Esse clima já era velho conhecido do norte do Brasil, por onde a artista circulava nos anos 1980. “Lambada era um termo popular na região, significava porrada, pancada”, explica Eduardo Barbosa, músico e pesquisador paraense. “E havia um radialista famoso, Haroldo Caraciolo, que tocava uma sequência de músicas caribenhas no seu programa e falava: vou dar-lhe uma lambada. Em 1976 o Pinduca grava uma música com o título de lambada, e em 1978 o Mestre Vieira grava um disco de lambadas.”
A lambada, então, passa a definir o cruzamento de músicas paraenses protagonizadas por guitarras e um sem fim de sons de países como Haiti, Guadalupe e Martinica. Mambos, merengues, kadans, calypsos: no Gran Caribe que vai das ilhas ao Pará, essas músicas de cordas beliscadas, sopros pronunciados e andamento rápido faziam sucesso e avançavam até cidades como Manaus e Recife.

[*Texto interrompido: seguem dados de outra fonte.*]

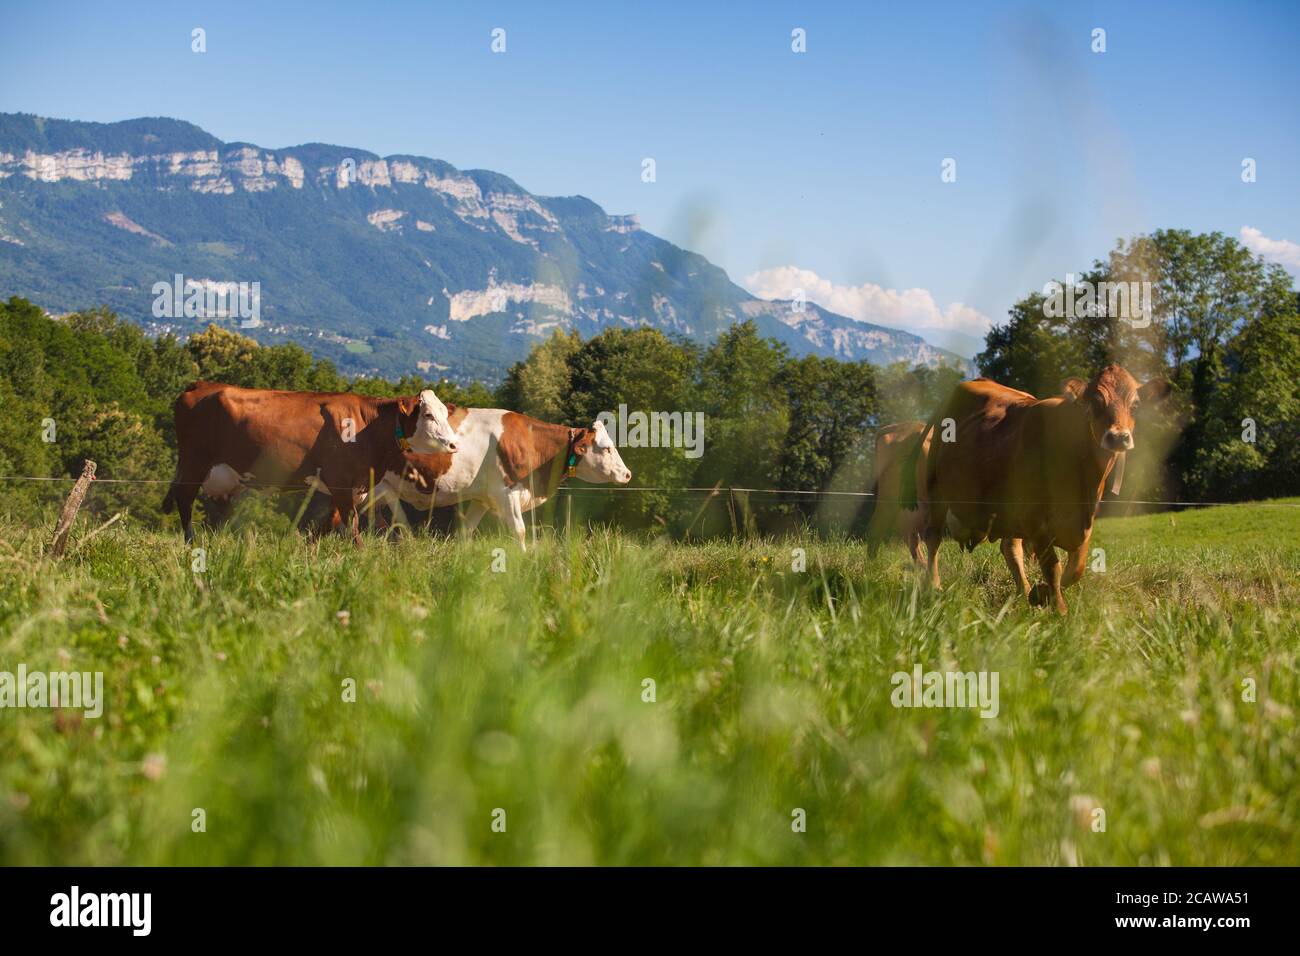 Mandria di vacche che produce latte per il formaggio Gruyere in Francia in primavera Foto Stock

Cantando em espanhol, francês e creole, conjuntos como Les Aiglons ocupavam as rádios e as festas com canções como “Cuisse La” que no Brasil se tornou “Melô do Tipiti”.
É nesse Brasil onde chegam os donos do selo Celulloid e onde nasce a ideia para o Kaoma. Olivier Lorsac e Jean Karakos buscavam salvar a firma da falência quando deram de cara com a lambada. Os hits radiofônicos, artistas que passeavam do tradicional carimbó ao nascente axé, como Beto Barbosa, e até casas de baile (as “lambaterias”): lá estava o bote salva-vidas da gravadora. A dupla comprou um vasto catálogo de canções do selo brasileiro Continental e voltou a Paris. Só faltava uma banda para gravar, entre outras faixas, a já célebre “Chorando se Foi” rebatizada para “Lambada”.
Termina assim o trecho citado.